=== Dataset excerpt ===

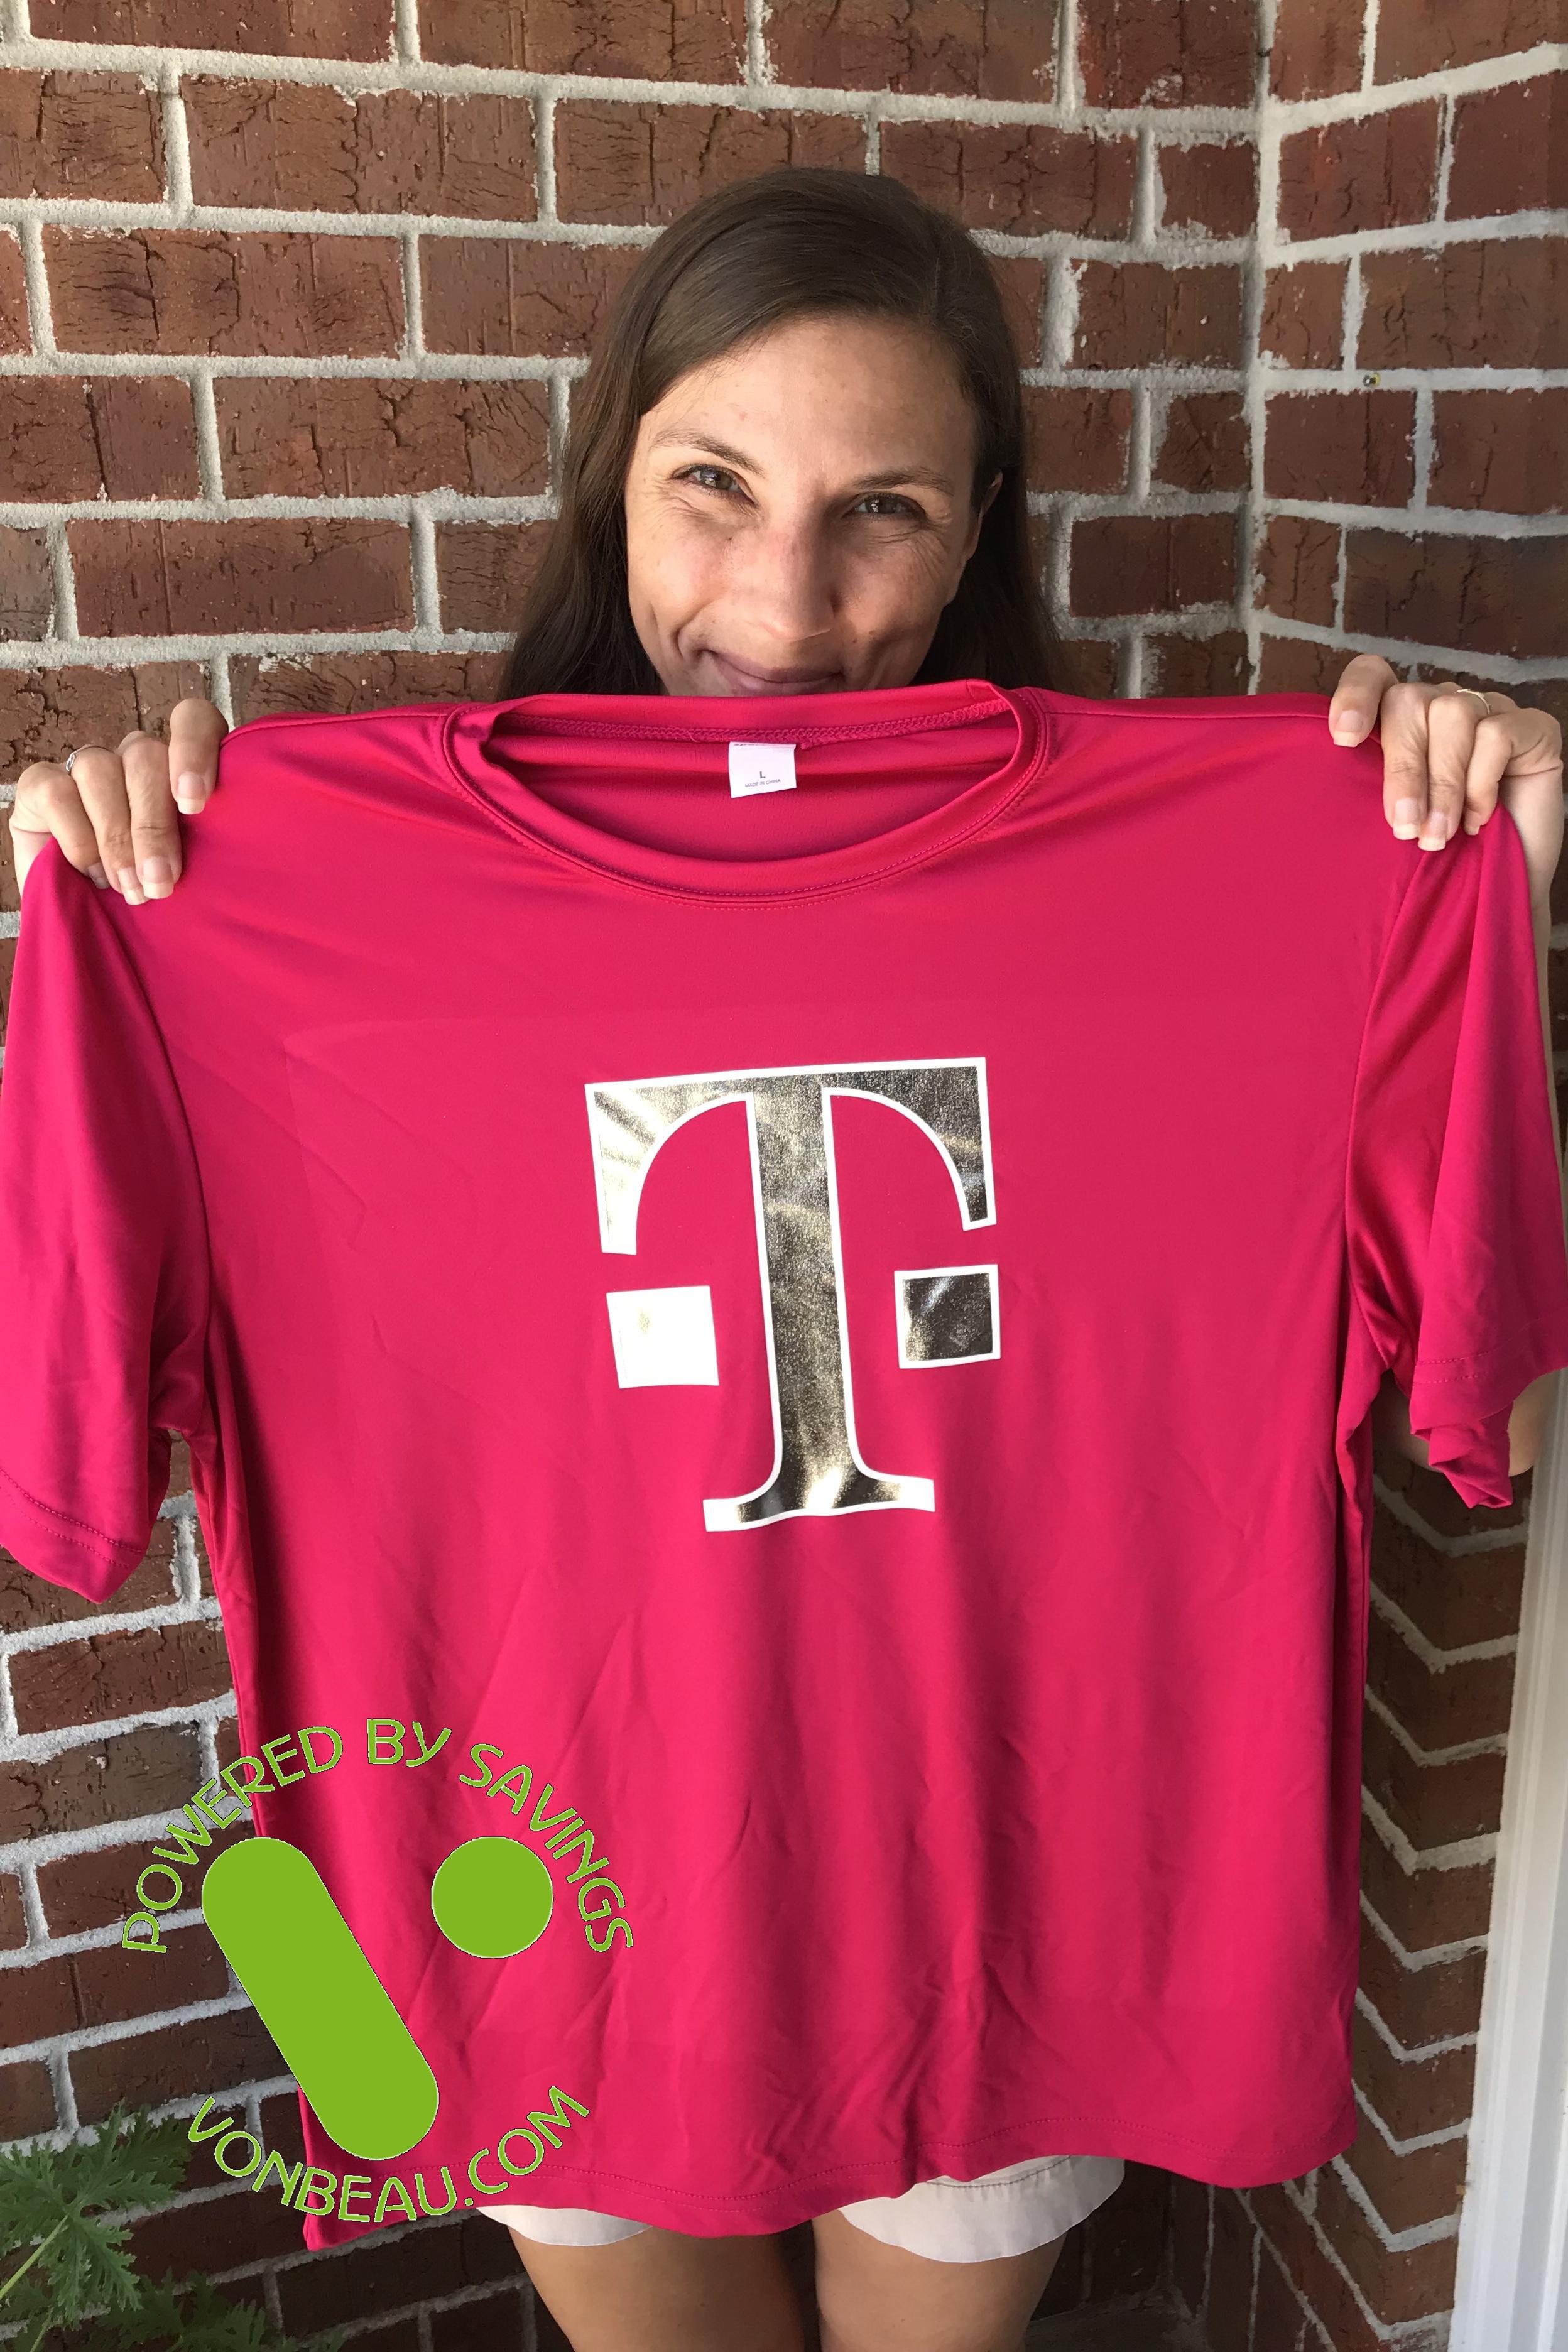 Free T Mobile Shirt With Free Shipping Twitter Required
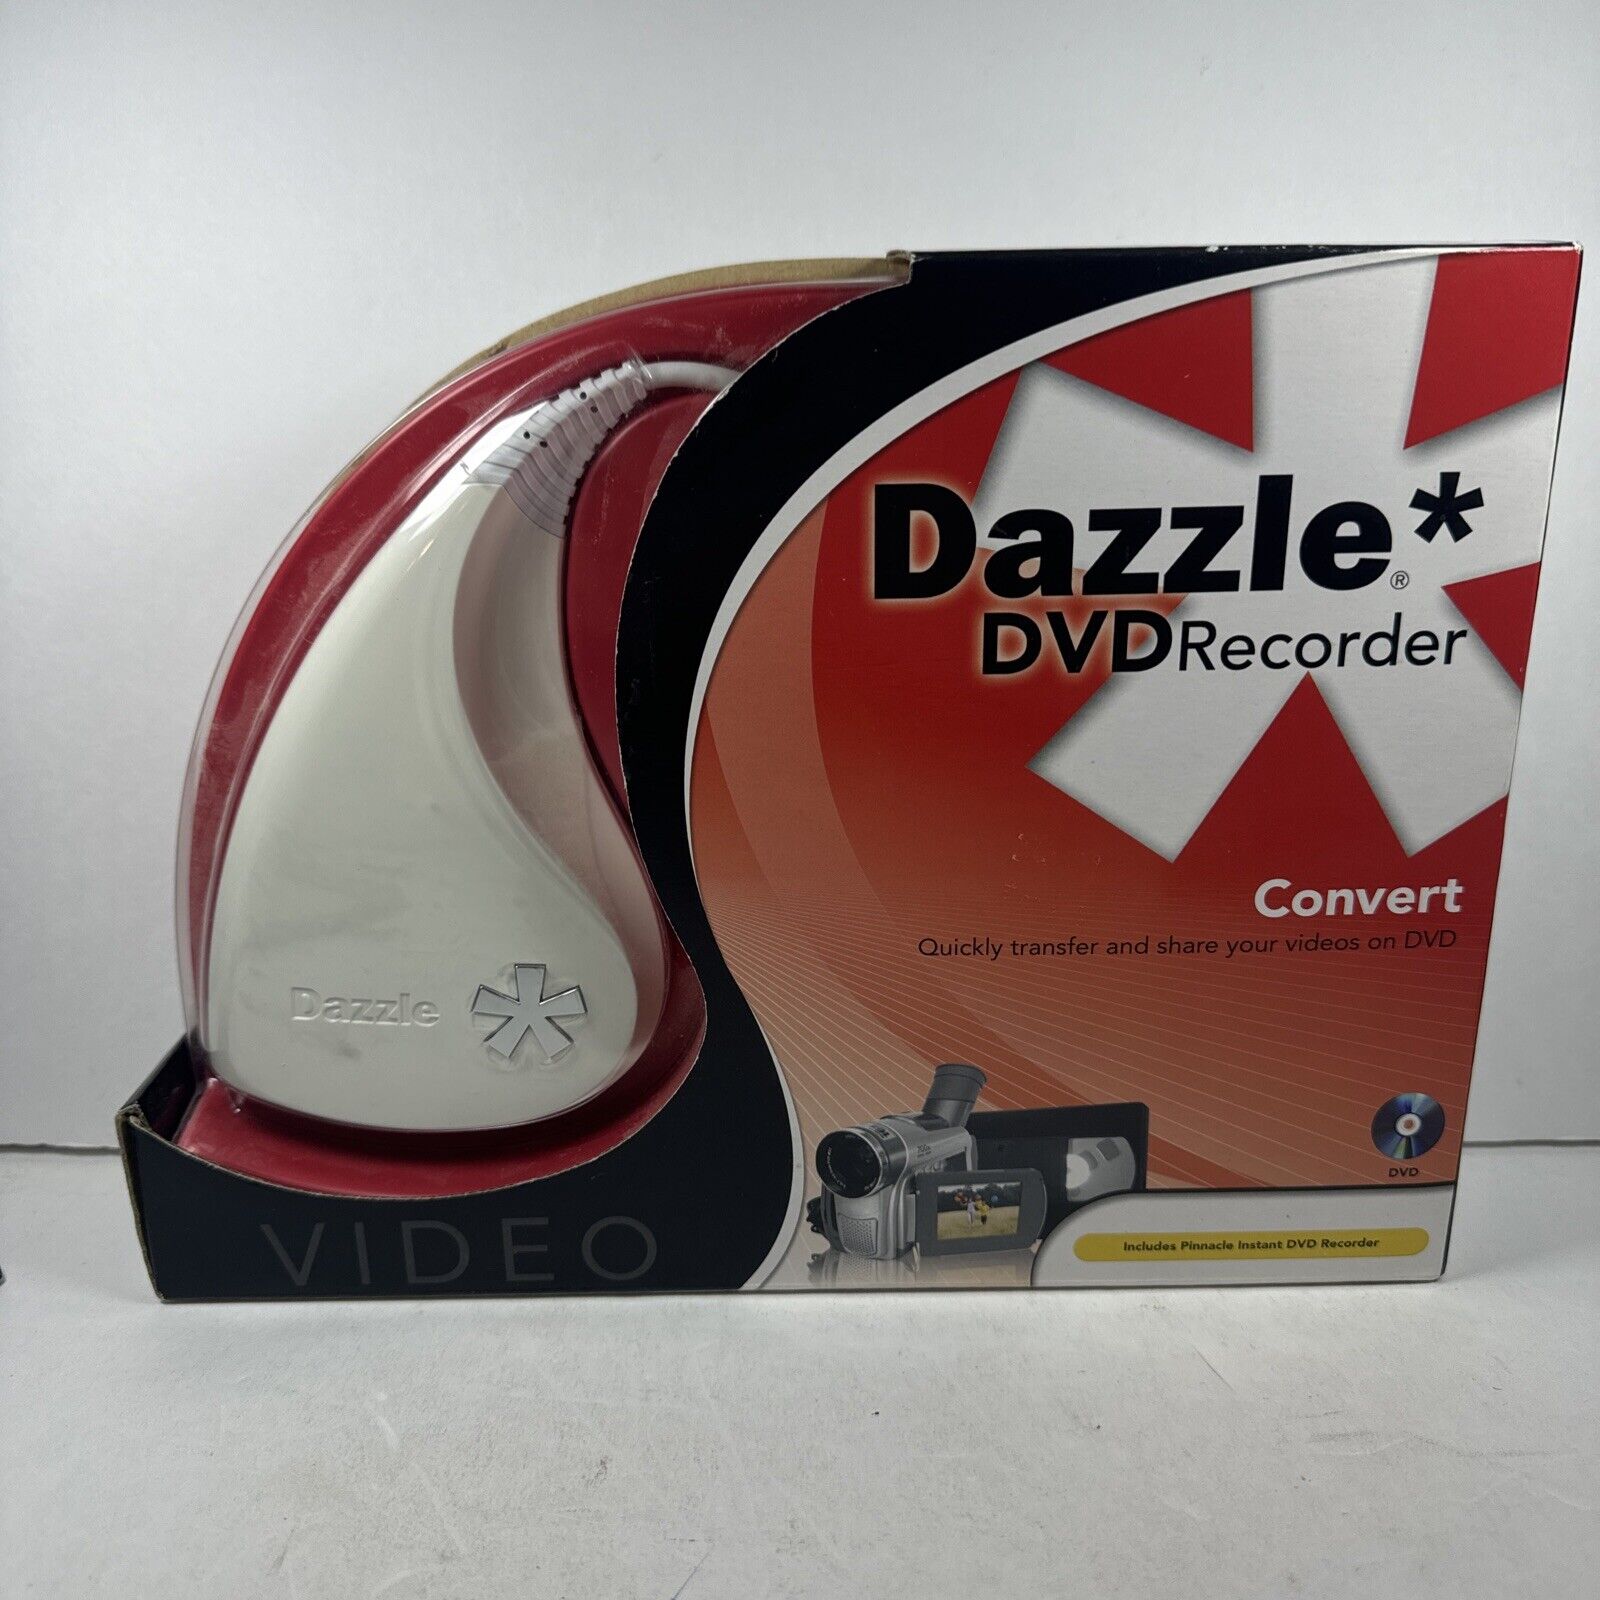 Dazzle USB Convert Save Enhance Share Capture Video - with Instant DVD Recorder
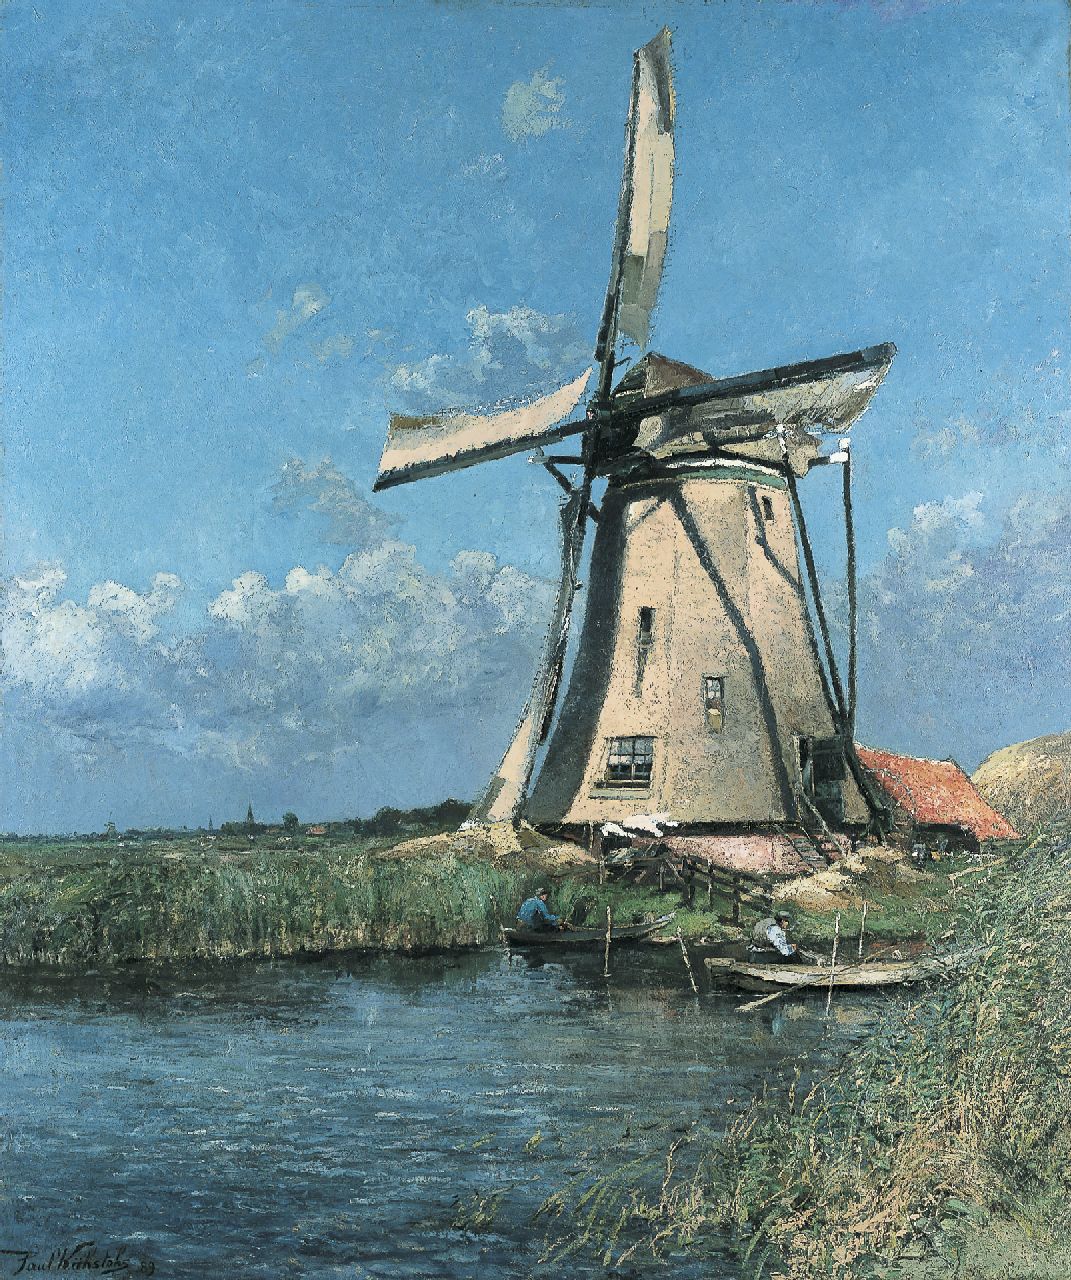 Kühstohs P.  | Paul Kühstohs, Windmill in the 'Vosse en Weerlanerpolder', oil on canvas 216.0 x 182.0 cm, signed l.l. and dated '89

===

_Task to carry out:_ Copy out the data verbatim, excluding the pictures.

_Solution to this problem:_
 Free T Mobile Shirt With Free Shipping Twitter Required
 Dazzle USB Convert Save Enhance Share Capture Video - with Instant DVD Recorder
 Kühstohs P.  | Paul Kühstohs, Windmill in the 'Vosse en Weerlanerpolder', oil on canvas 216.0 x 182.0 cm, signed l.l. and dated '89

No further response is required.